INFORMATION SHOWN Start Marker

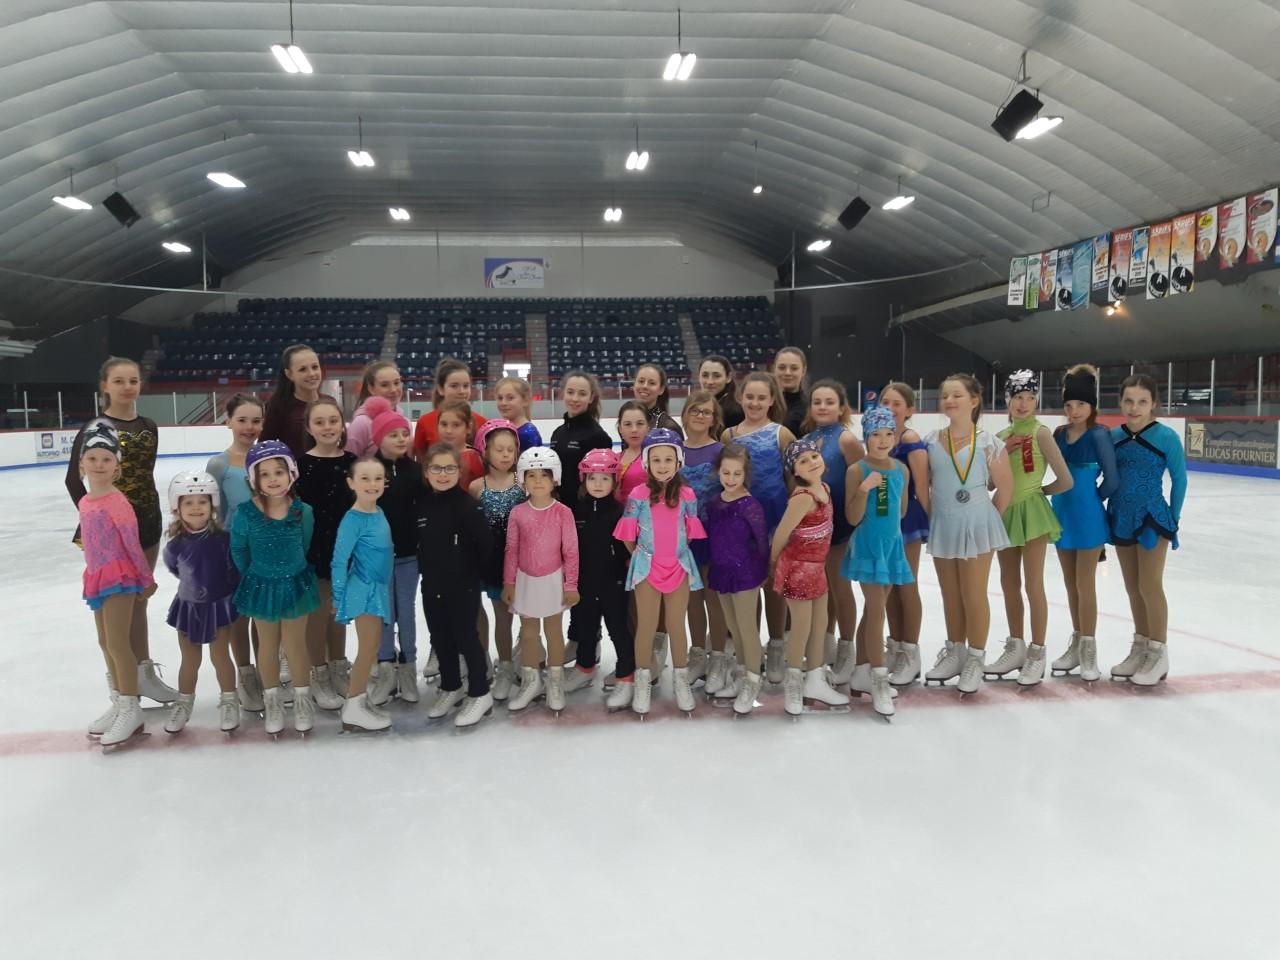 Club de patinage artistique Chic-Chocs
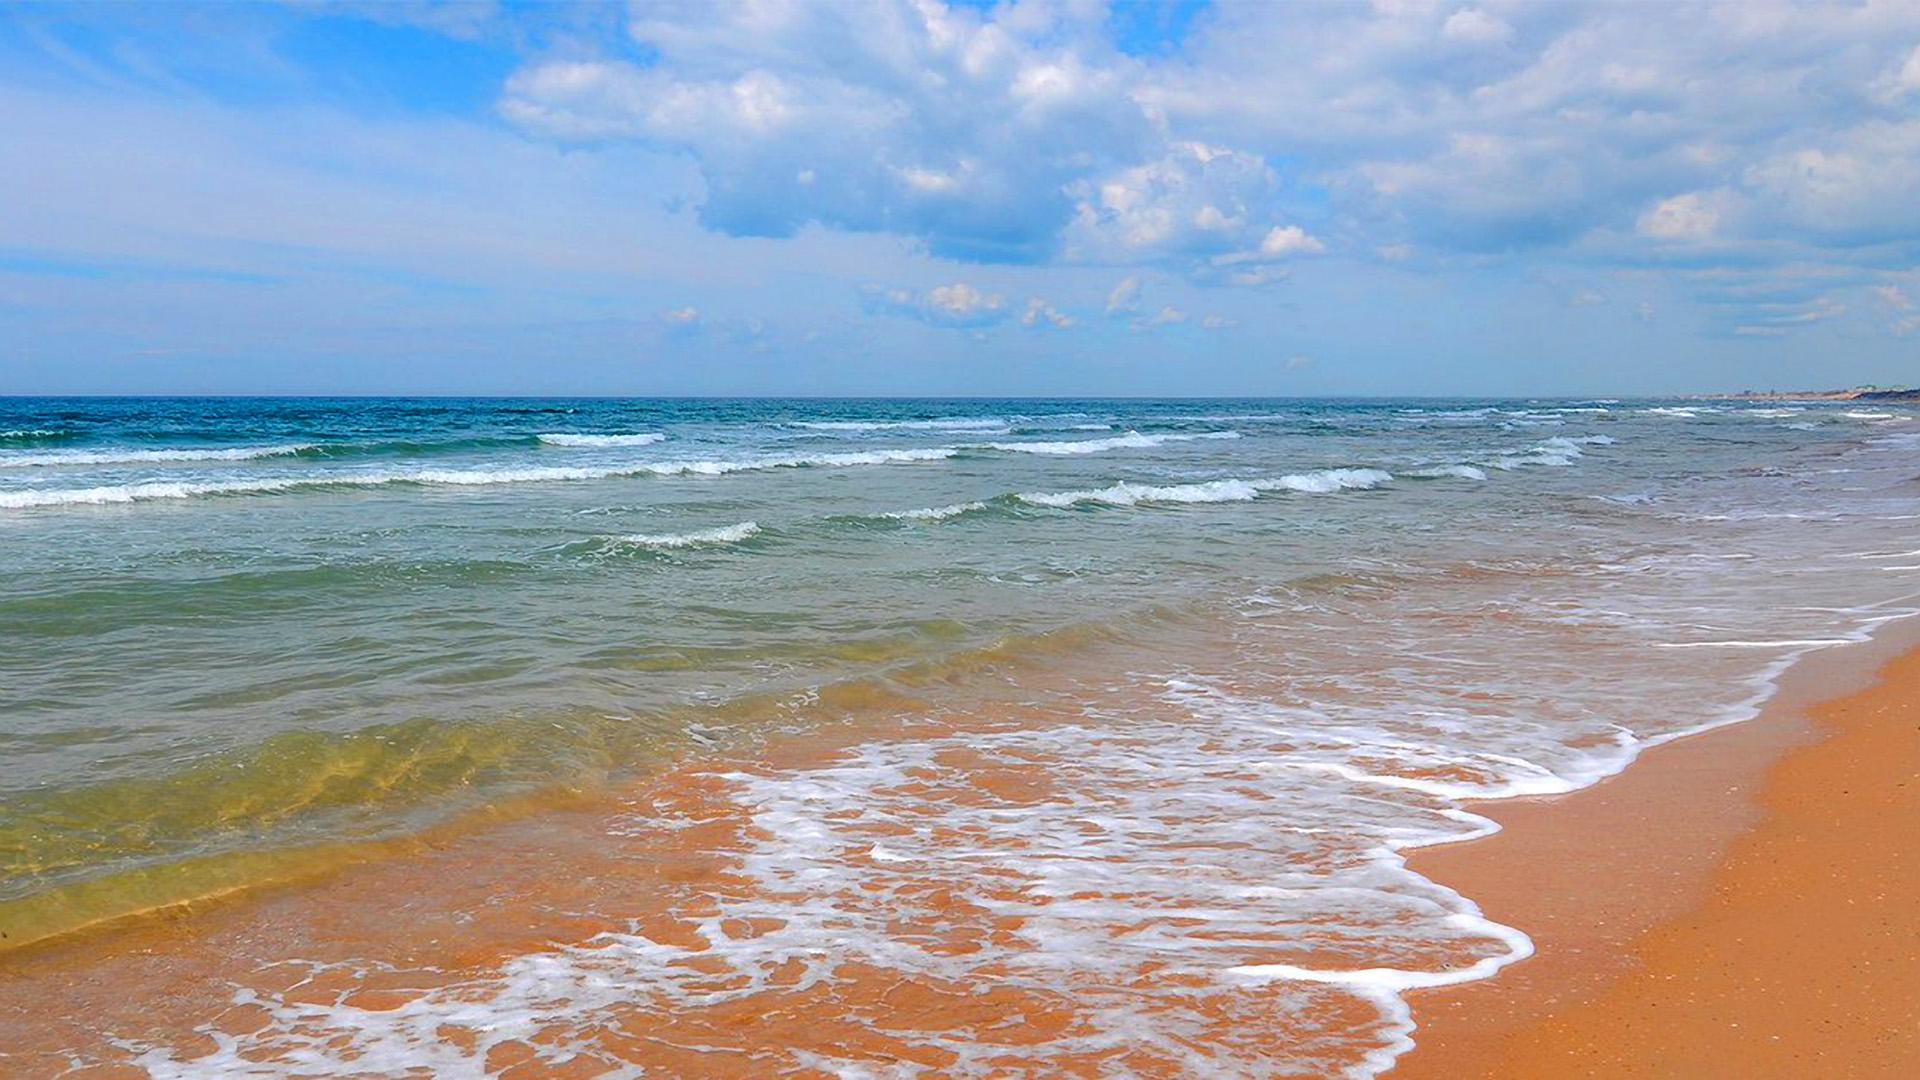 Берег моря в Анапе - обои на рабочий стол
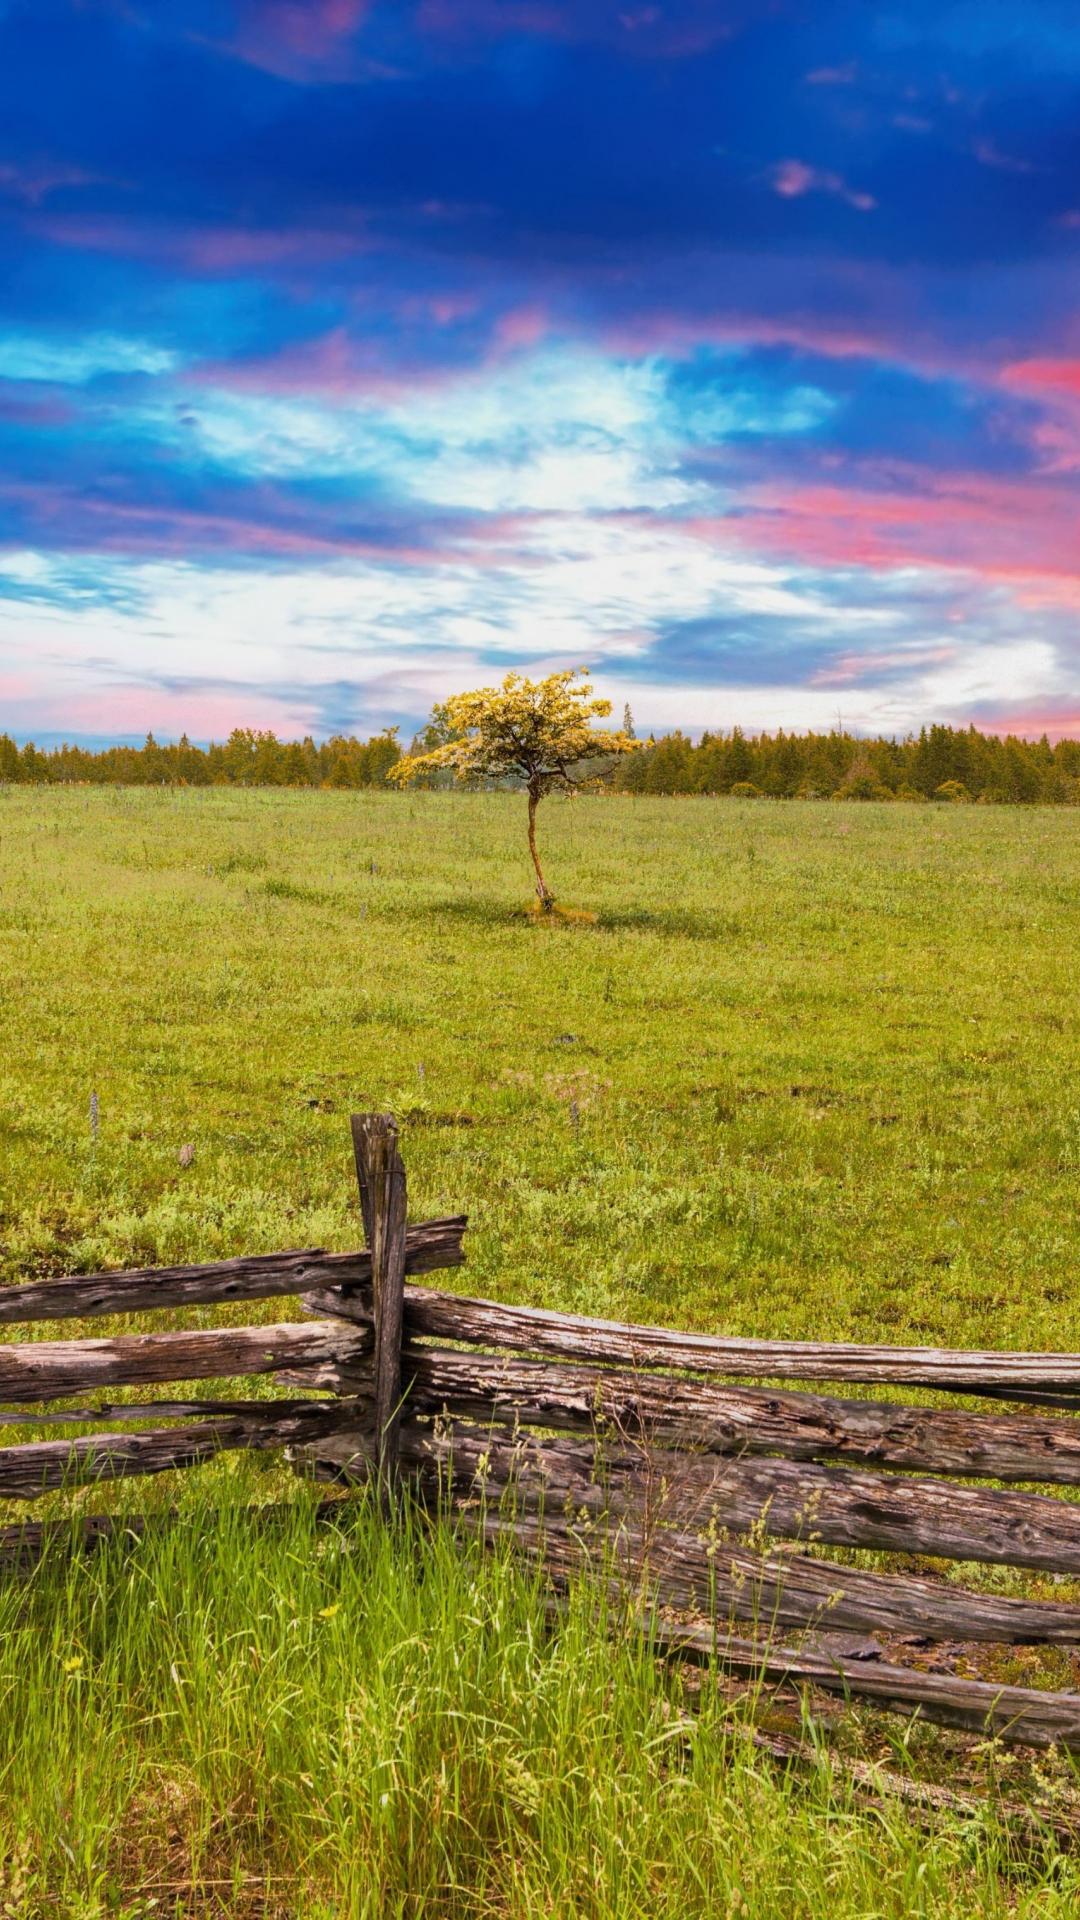 Downaload Wooden Fence Landscape Tree Skyline Nature Wallpaper
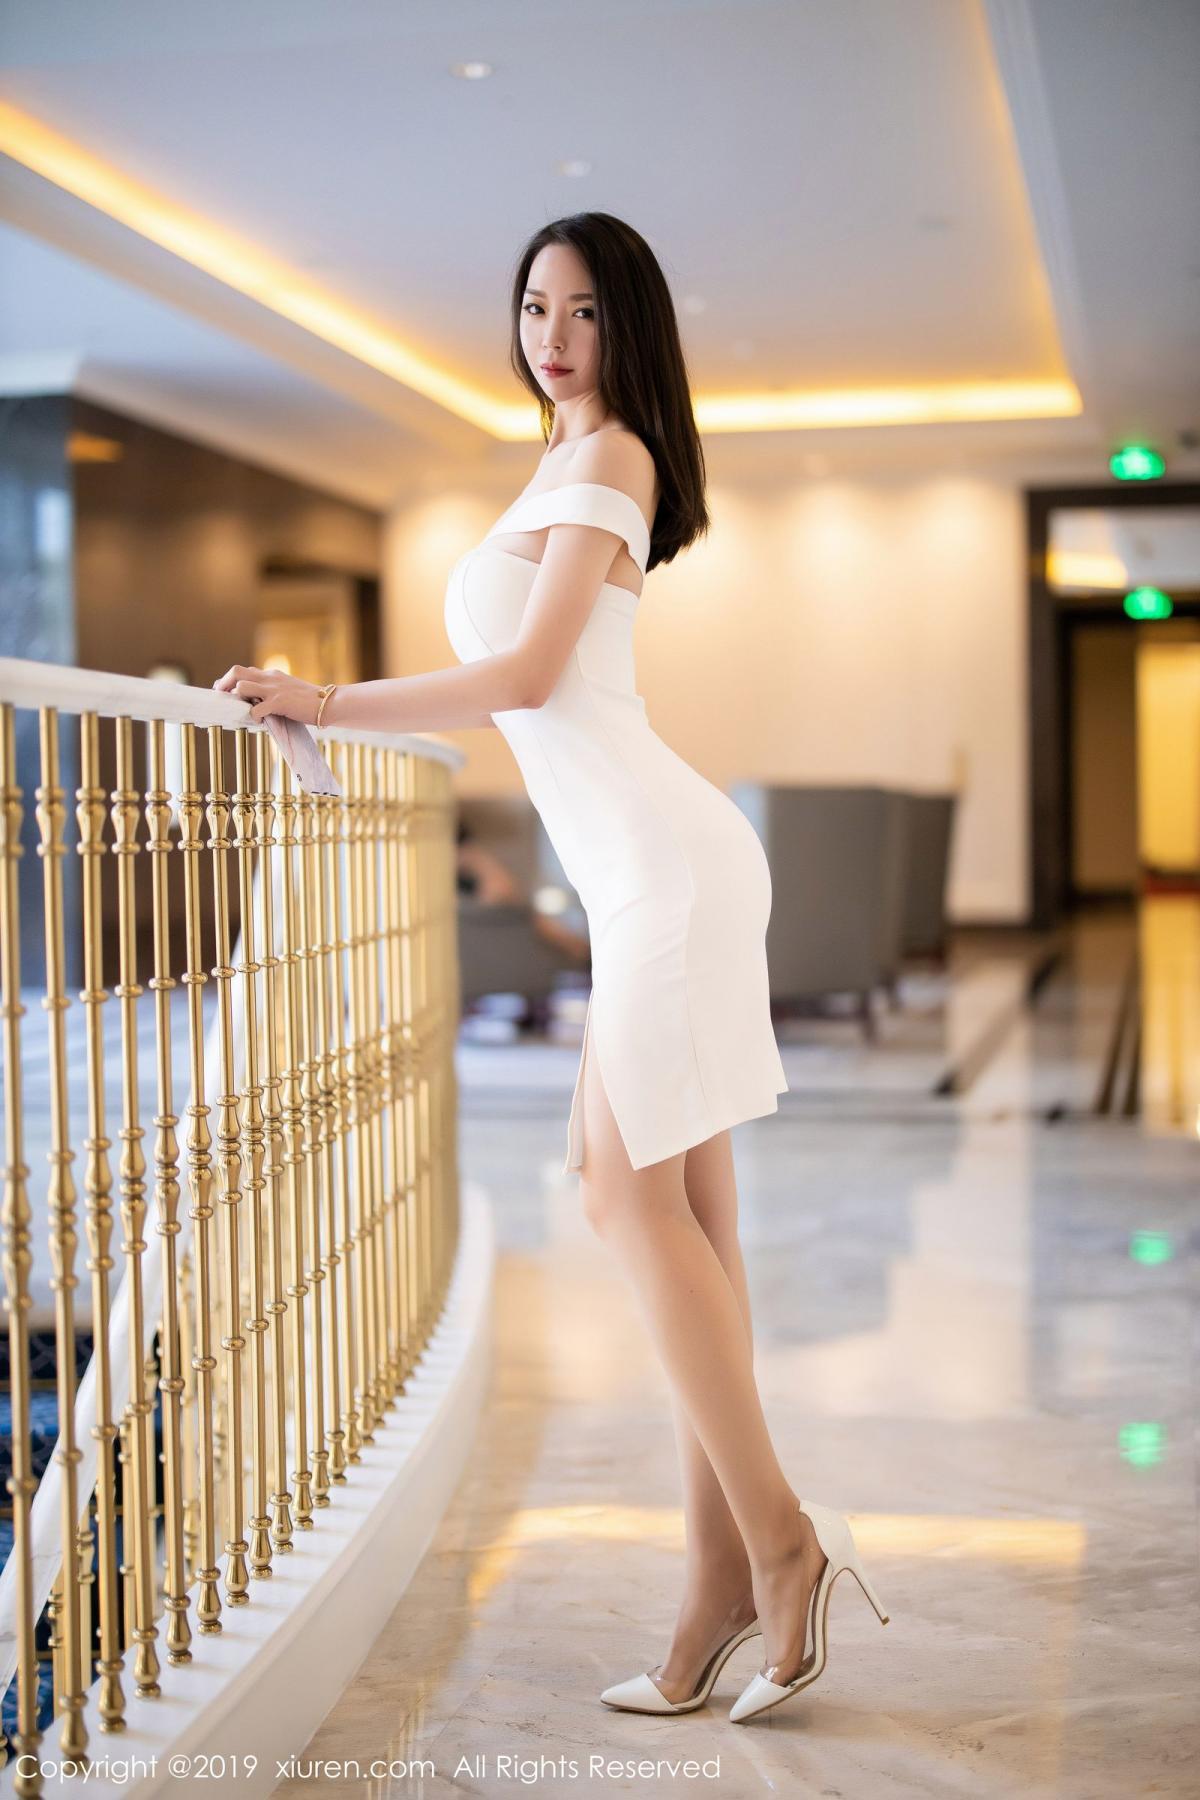 [XiuRen] Vol.1861 Meng Xin Yue 31P, Meng Xin Yue, Tall, Temperament, Uniform, Xiuren

INFORMATION SHOWN End Marker

:: WHAT TO PRODUCE ::
The data must be printed exactly, image-free.

:: WRITTEN RESPONSE ::
 Club de patinage artistique Chic-Chocs
 Берег моря в Анапе - обои на рабочий стол
 Downaload Wooden Fence Landscape Tree Skyline Nature Wallpaper
 [XiuRen] Vol.1861 Meng Xin Yue 31P, Meng Xin Yue, Tall, Temperament, Uniform, Xiuren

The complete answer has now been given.